HHS “must take bold steps to prevent this looming crisis,” said Rep. Nanette Barragán (D-Calif.), chair of the Congressional Hispanic Caucus, one of three Capitol Hill caucuses for people of color urging Becerra to prevent the unwinding from aggravating disparities in coverage and health.
As April 1 nears in the first states to thin their Medicaid rolls, advocates say many people at risk of losing their insurance are not aware of what is about to happen.
In Arizona, the Children’s Action Alliance leads a coalition trying to spread the word, reaching out to houses of worship, radio stations, places where clusters of homeless people have mailboxes. “We are pounding the pavement,” urging people not to ignore plain white envelopes the state started mailing in February, said Kelley Murphy, the alliance’s vice president of policy.
Still, Murphy said, “We worry we are going to have a rash of situations where someone shows up at an emergency room and realizes they are not covered.”
In Arkansas, which also has an April start date, the state’s unwinding plan says 587,000 people on Medicaid do not belong — roughly half the caseload.
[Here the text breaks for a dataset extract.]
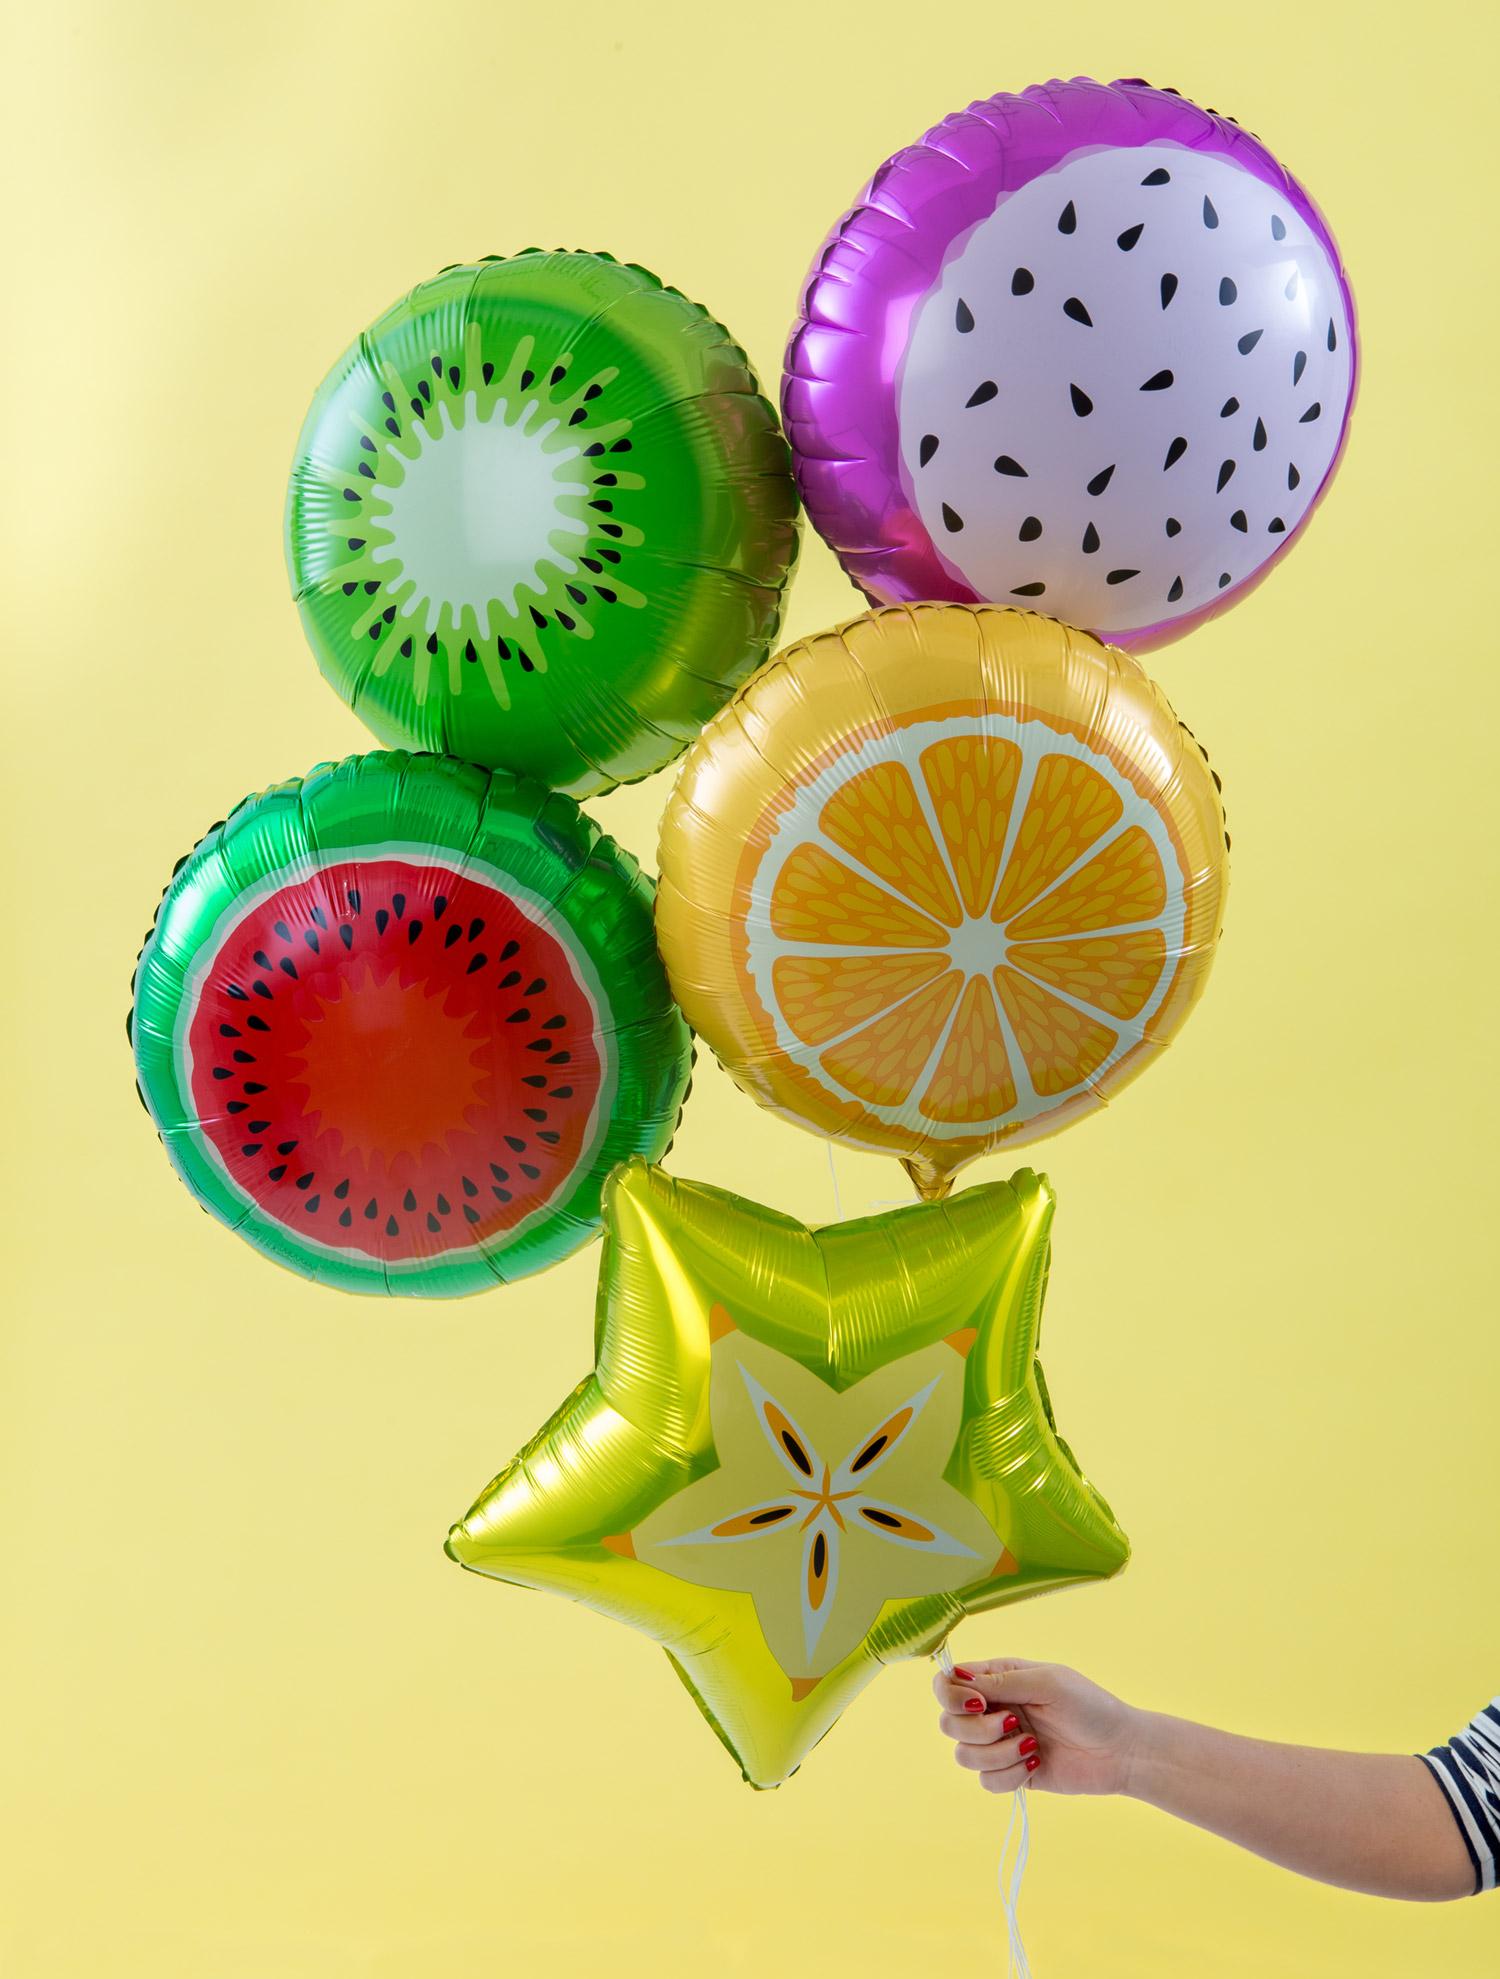 Vitaminfull fruktklase av fruktballonger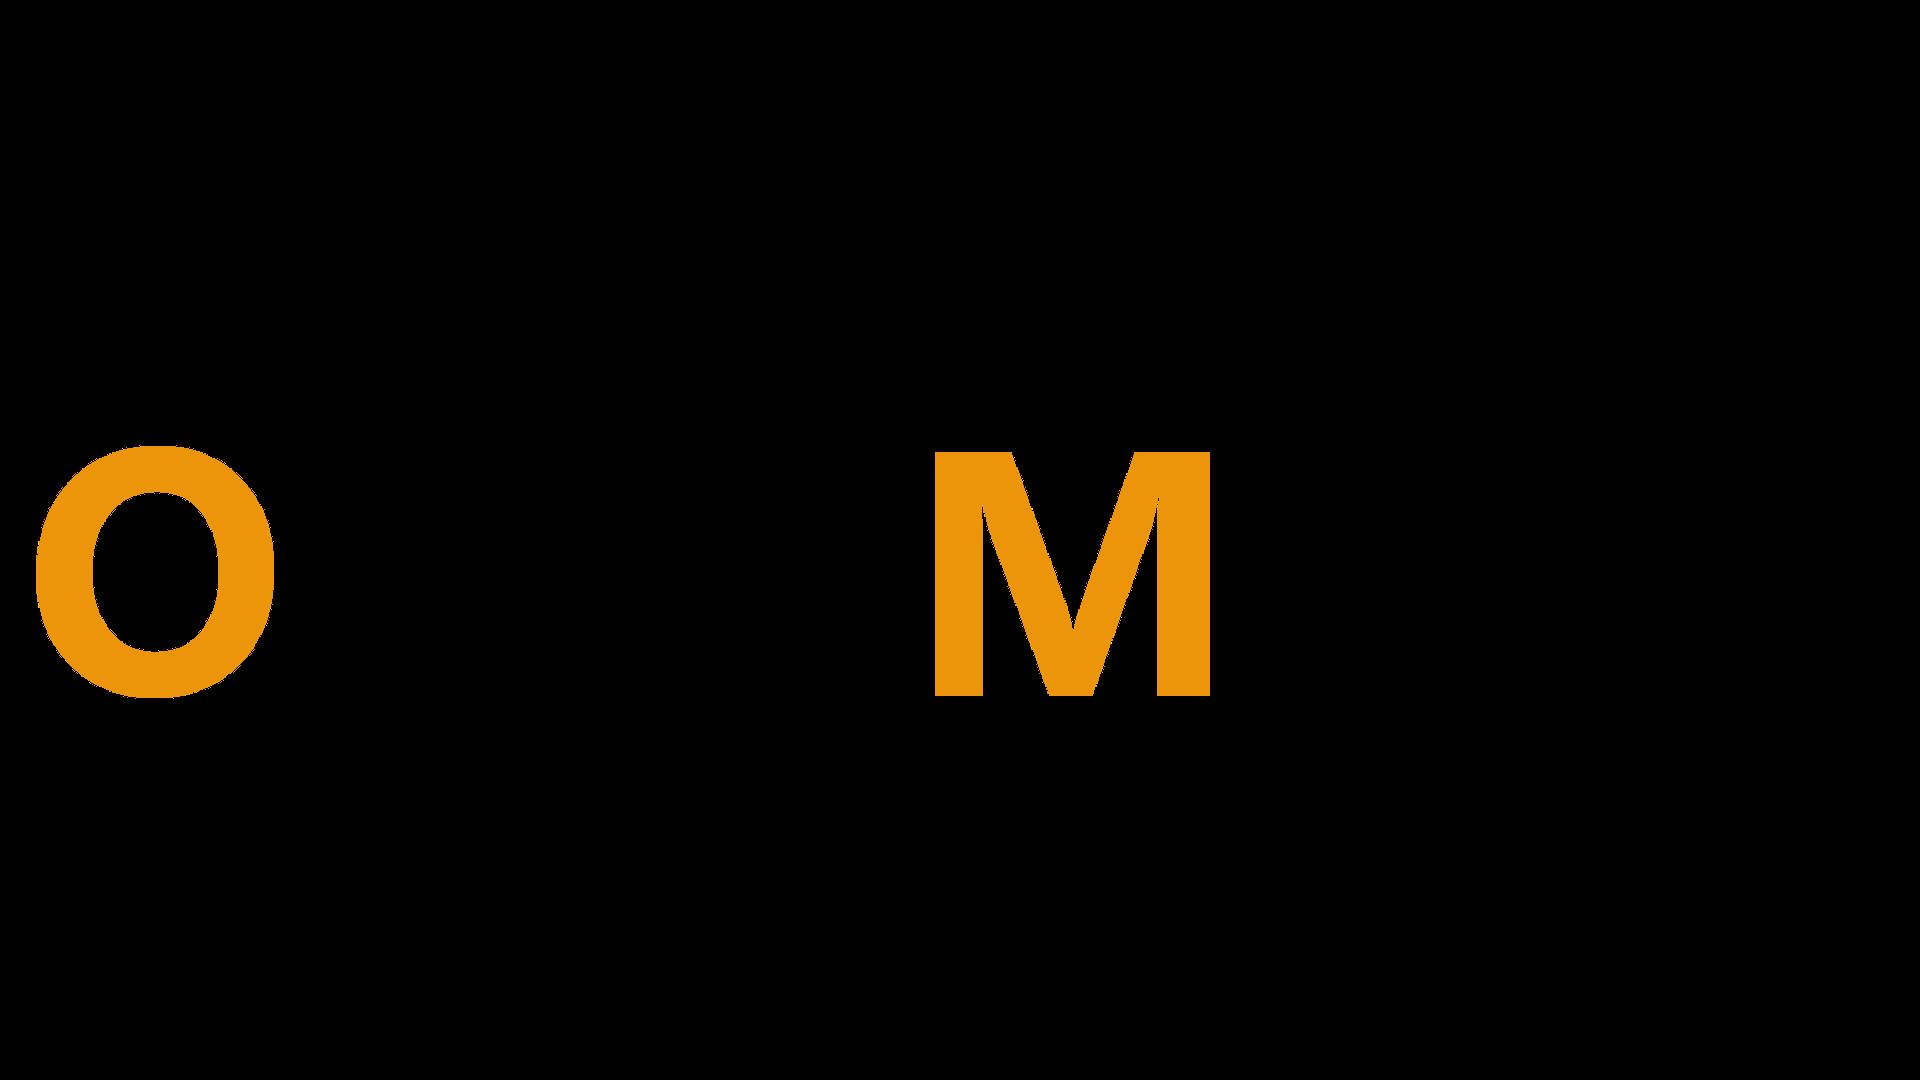 Obro Media

As in Texas, Arkansas plans within a few months to evaluate about three-fourths of that group. The state anticipates that 3,500 people a month will lodge appeals contesting their removal, five times as many as the state typically handles.
“We’re dreading it, in a way,” said Trevor Hawkins, a lawyer for Legal Aid of Arkansas. Since the unwinding’s renewal notices started going out the first weekend of February, few people have called Legal Aid for help. That suggests, he said, that people aren’t opening the envelopes or don’t understand the letters’ importance.
The deluge of help-seekers, Hawkins expects, will come once people receive a “notice of action,” ending their eligibility.
“I get nervous thinking about it,” he said.
This article has been updated to include more detail about Arkansas’s Medicaid unwinding plan.